Tidak terasa, umat muslim sudah di penghujung bulan Ramadan. Setiap yang diawali pasti mesti diakhiri. Ramadan ibarat kapal pesiar yang singgah sementara waktu di sebuah pulau.
Ketika kapal singgah, kita diberi waktu untuk turun menikmati keindahan pulau. Ada yang terkesima sampai lupa akan tujuan sebuah pemberhentian.

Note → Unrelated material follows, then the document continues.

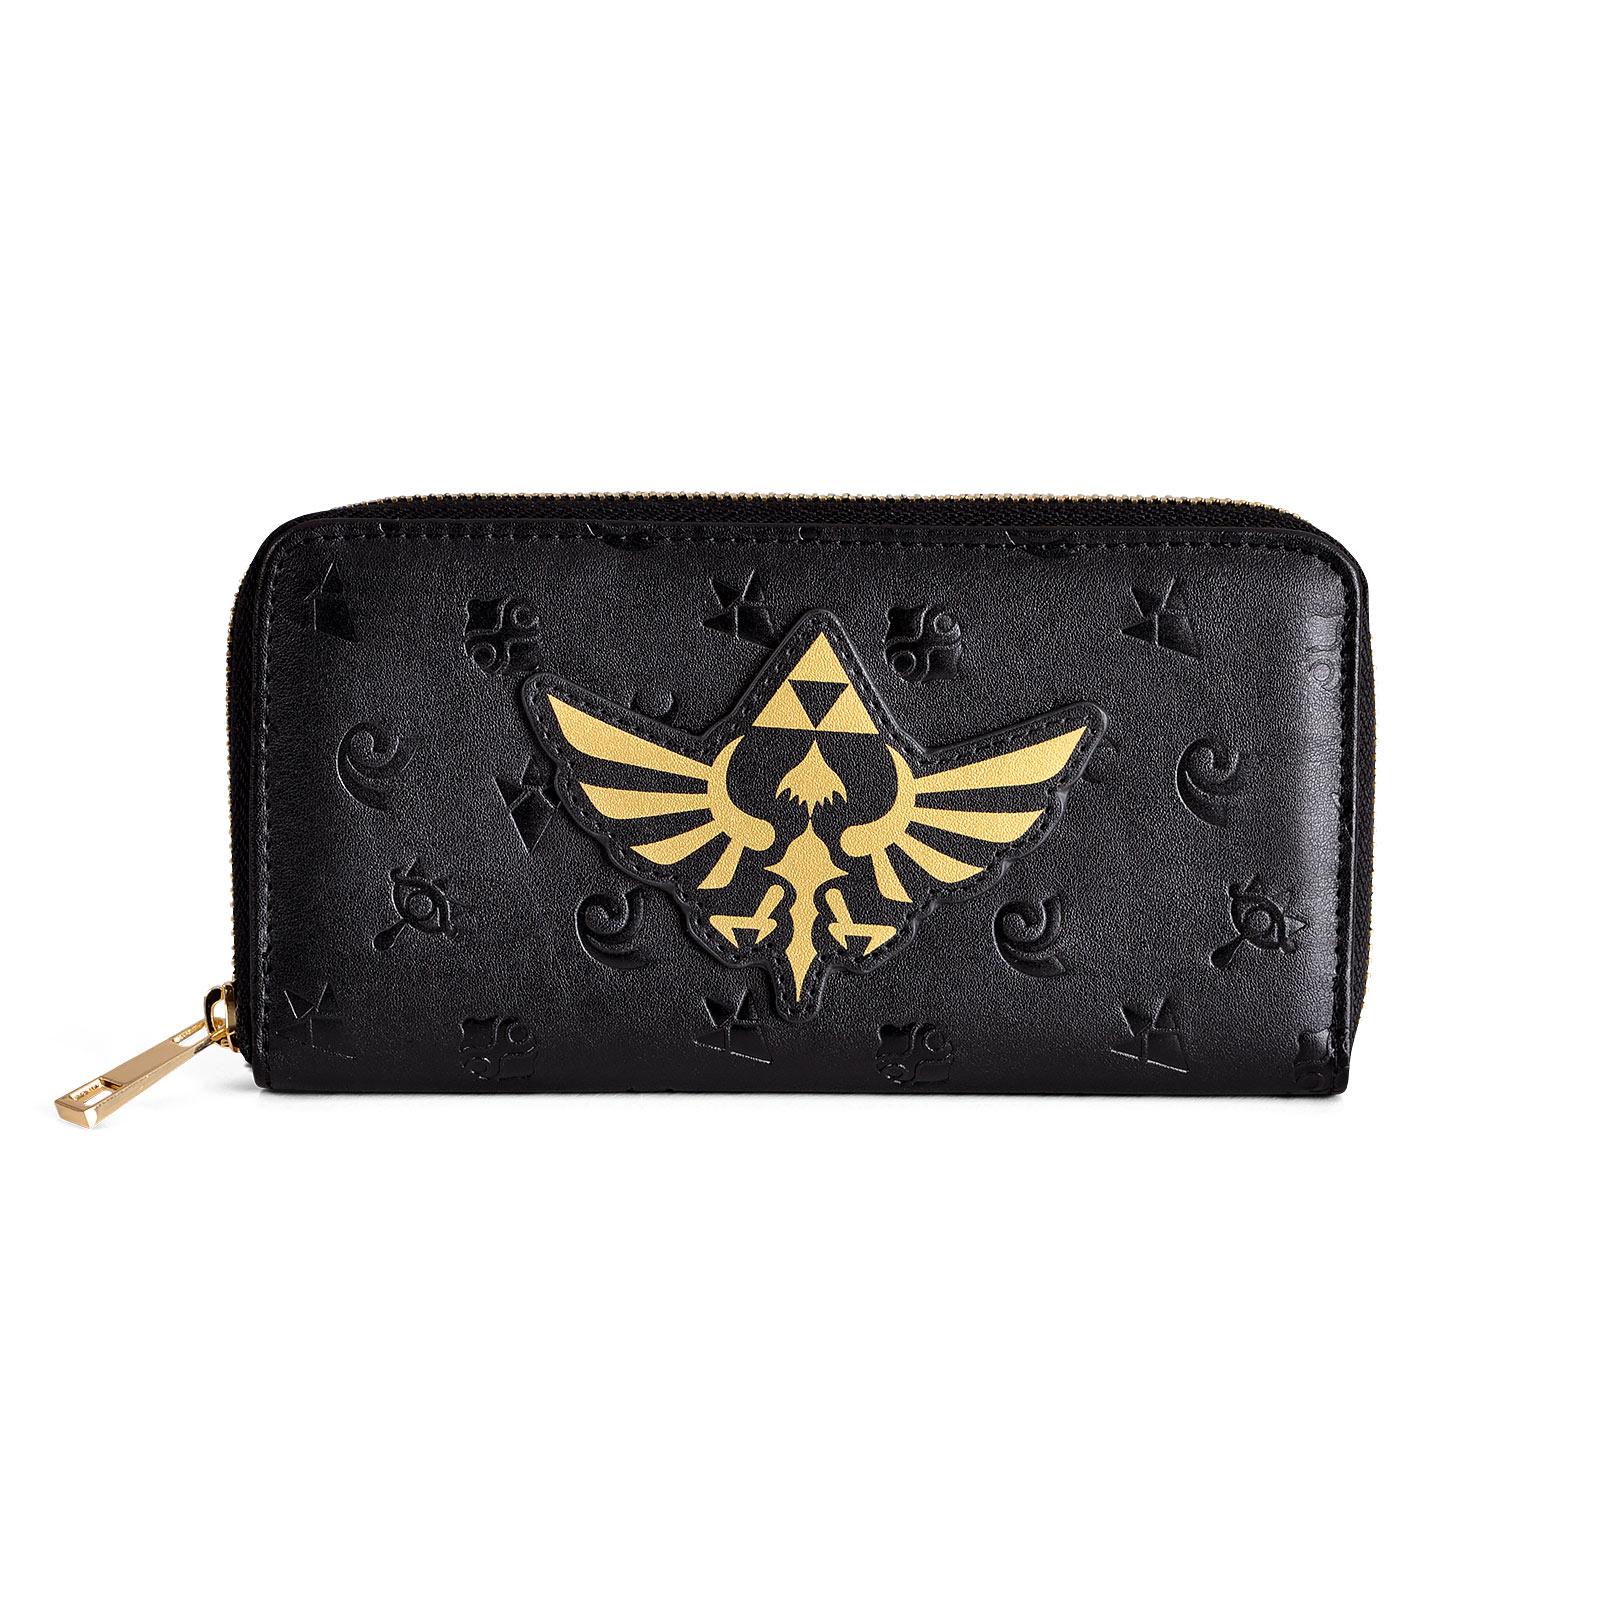 Zelda - Hyrule Symbols Geldbörse schwarz

Sehingga, momen untuk mengumpulkan oleh-oleh terlewatkan tanpa disadari.
Begitulah Ramadan, selama lebih kurang 29-30 hari setiap muslim sudah menjalankan puasa. Namun, adakah kita sudah melakukan amalan-amalan yang akan kita bawa pulang ke akhirat?
Amalan seperti shalat, sedekah, dan lain-lain yang bisa kita bawa pulang saat Ramadan pergi. Seringkali, begitu Ramadan berakhir, maka momen puasa hilang tanpa bekas. Alhasil, amalan yang seharusnya menjadi "oleh-oleh" terlupakan.

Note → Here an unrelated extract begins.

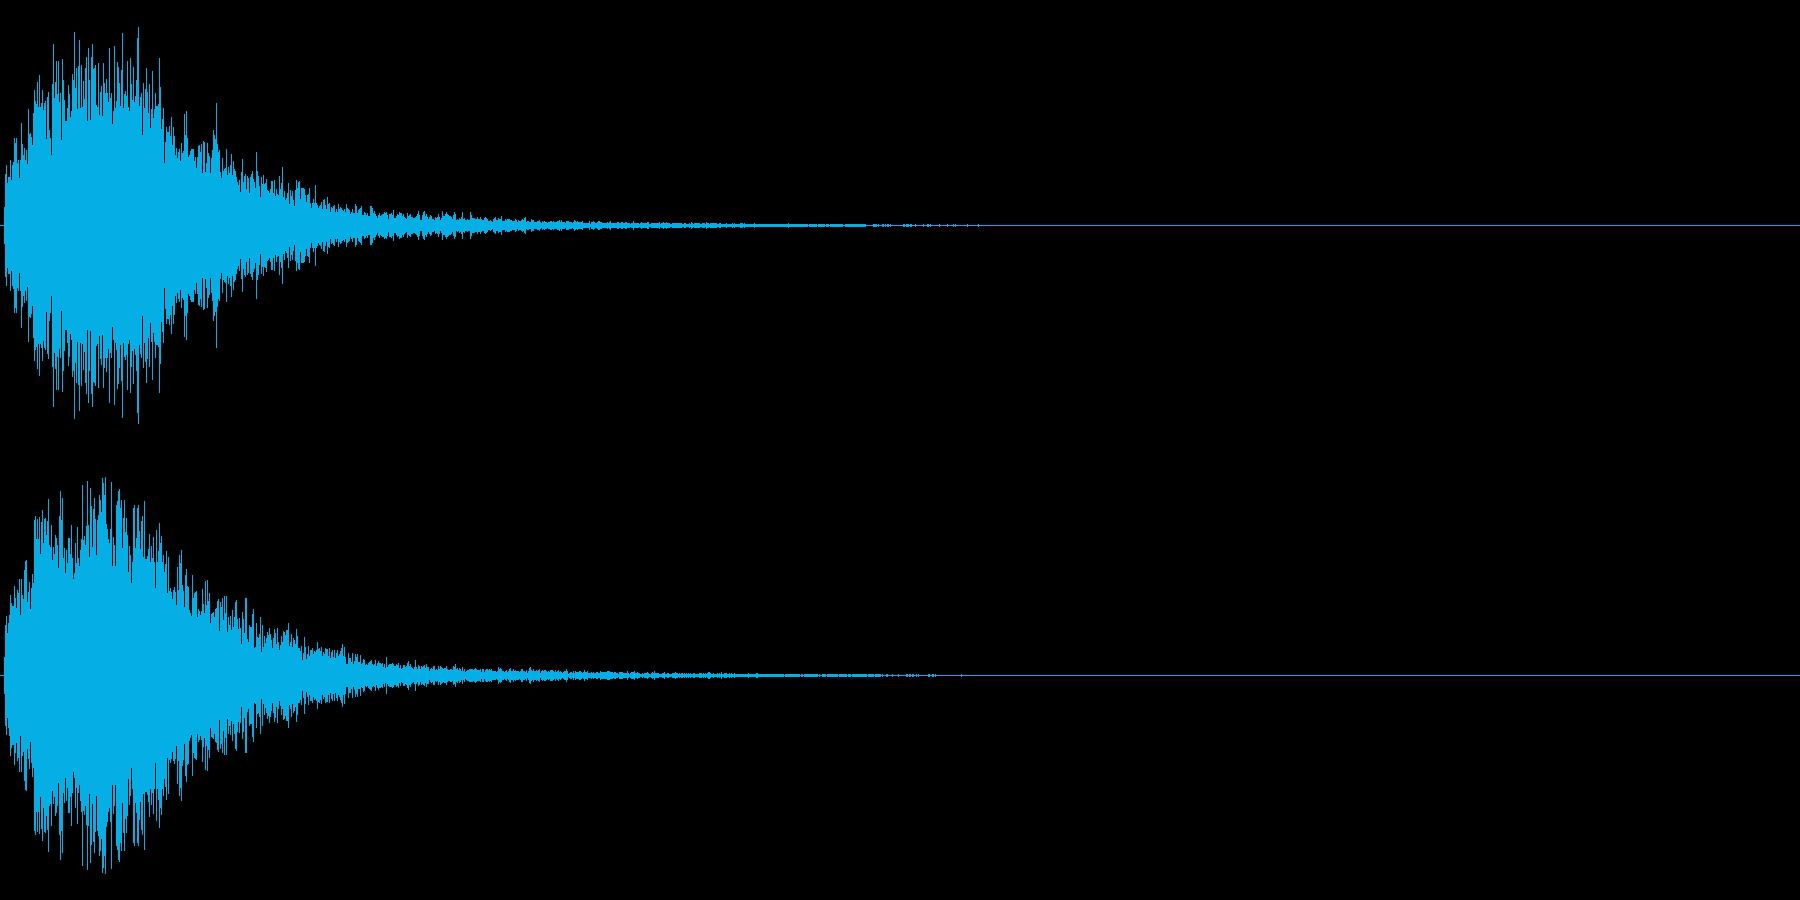 デデーン♪オーケストラヒット効果音01bの再生済みの波形

Adapun khatib pernah berujar bahwa di sepuluh yang akhir ramadan hendaknya digunakan untuk memperbanyak amalan. Faktanya, menjelang berakhirnya Ramadan, toko baju sesak dipenuhi pengunjung untuk merayakan hari raya.
Padahal, hakikat kemenangan di hari raya bukanlah pada meriahnya lebaran dengan baju baru atau kue-kue yang berjejer rapi.Â
Sebaliknya, hari raya adalah sebuah simbol kemenangan bagi yang sudah berhasil menahan lapar, hawa nafsu, dan konsisten melakuka amalan selama bulan Ramadan.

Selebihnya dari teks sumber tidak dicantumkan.